The prospective approach had the advantage of standardised data collection with uniform risk stratification and consequently comparability across centres, and the multicentre approach ensured a sufficiently large sample size. Nevertheless, the number of missing data proved to be a major limitation of this preliminary report. On the one hand, this was due to the protocol, which specified a first standardised follow-up visit only 6 months after transplantation. As a consequence, patients with acute graft rejection within the first 6 months after transplantation could not be included in the main outcome analysis due to lack of clinical data. The same applied to patients with immunological rejection at the end of the 36-month observation period, for whom clinical values after rejection were missing. Other reasons for missing data were due to the COVID-19 pandemic (statutory cancellation of non-essential patient contacts, disease-related absences) or incomplete instrumental testing (endothelial cell density, corneal thickness). In the present data set, this consisted of 16 of 91 (18%) patients with acute graft rejection who had no follow-up before or at least 3 months after rejection and therefore could not be considered for the analysis.

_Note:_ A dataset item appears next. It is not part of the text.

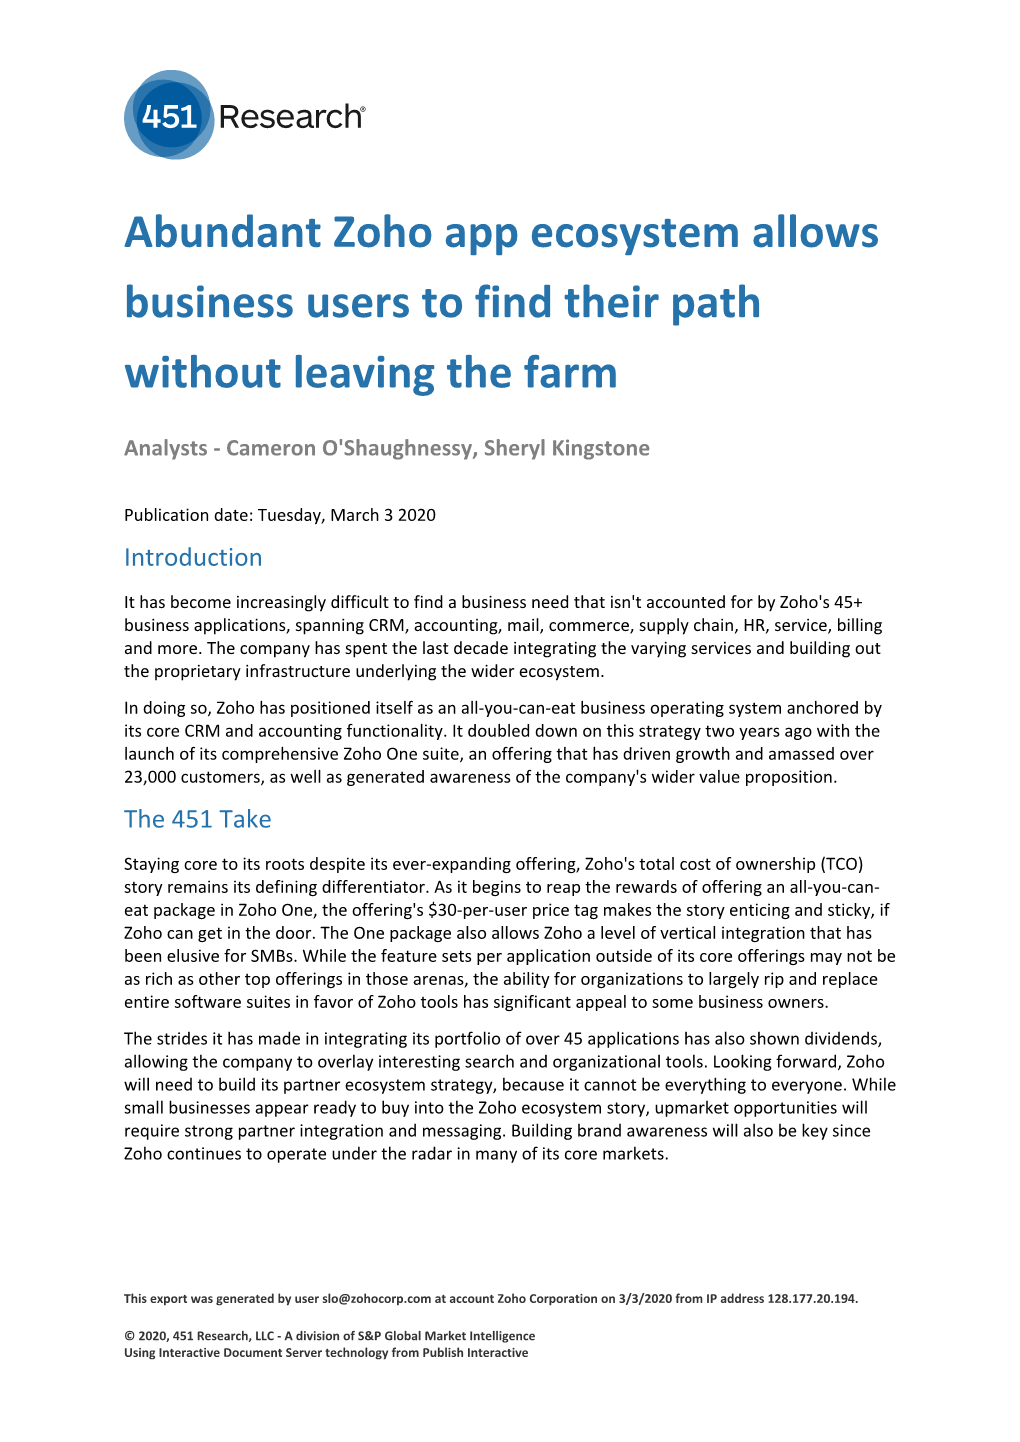 Abundant Zoho App Ecosystem Allows Business Users to Find Their Path Without Leaving the Farm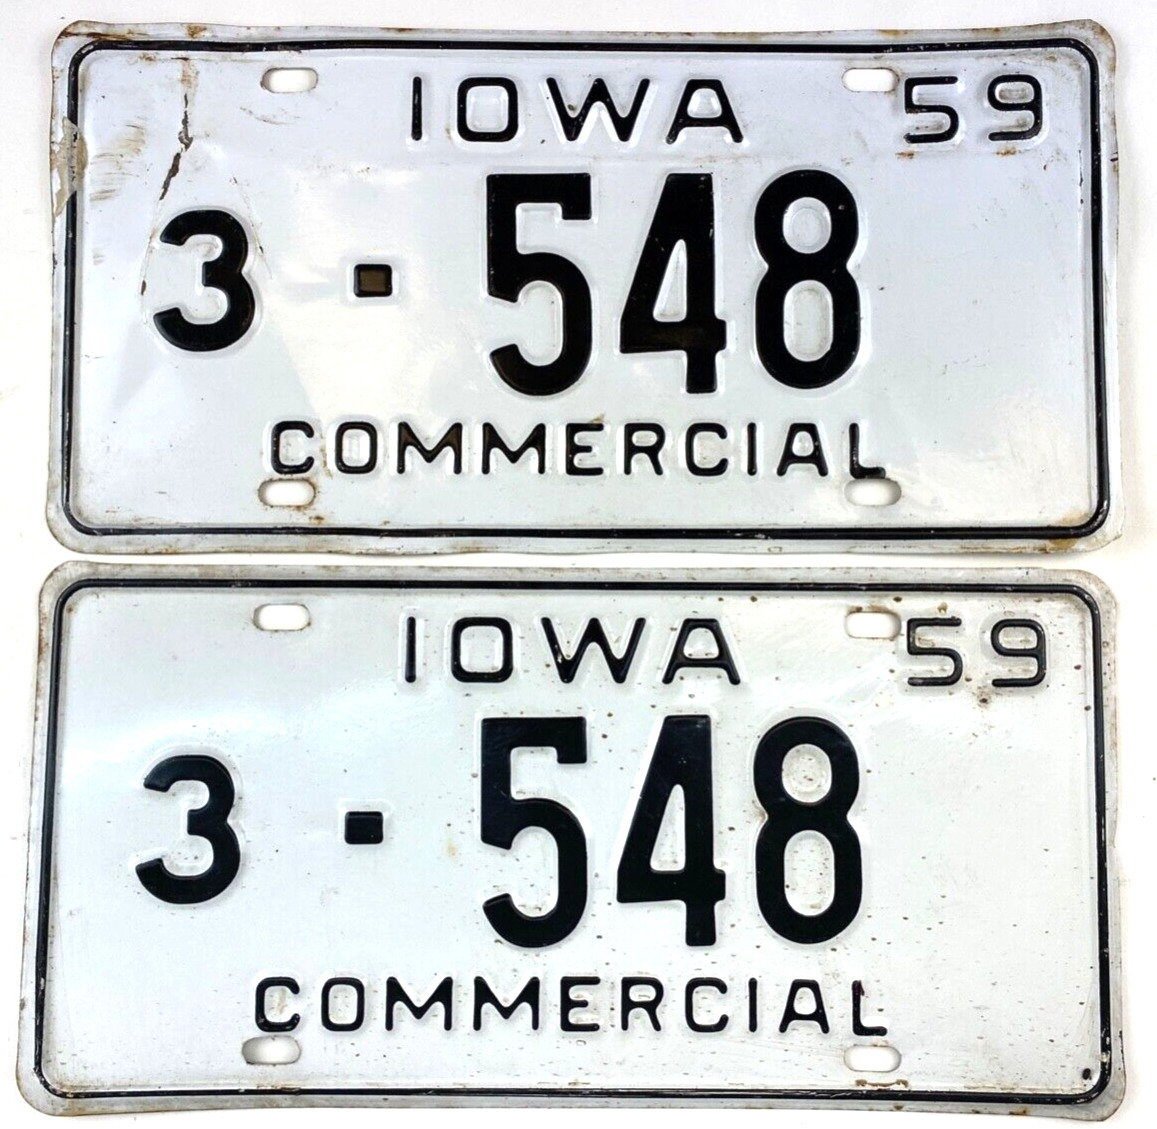 Iowa 1959 License Plate Commercial Truck Set Allamakee Co Vintage Wall Decor

A further limitation is the lack of a standardised treatment protocol after transplantation and after rejection episodes. Accordingly, no conclusion can be drawn on treatment efficacy.
Implication for clinical practice and research
The information that the visual acuity can return to baseline values after successfully overcoming rejection is relevant for the clinician and the patient: it is worth taking on the therapeutic effort and possible side effects of temporary high-dose steroid therapy.
Future studies should be optimised by standardised treatment regimens after transplantation and rejection episodes, by more frequent follow-up, especially in the first year after transplantation and an observation period longer than 36 months. External monitoring would be recommendable to ensure complete data collection in multicentre trials.
In conclusion, the present report about the outcome of corneal grafts, after reversed rejection episodes, shows that visual acuity, intraocular pressure, endothelial cell density and central corneal thickness do not change to a statistically significant and clinically relevant degree. This applies equally to PK and EK, regardless of their risk stratification.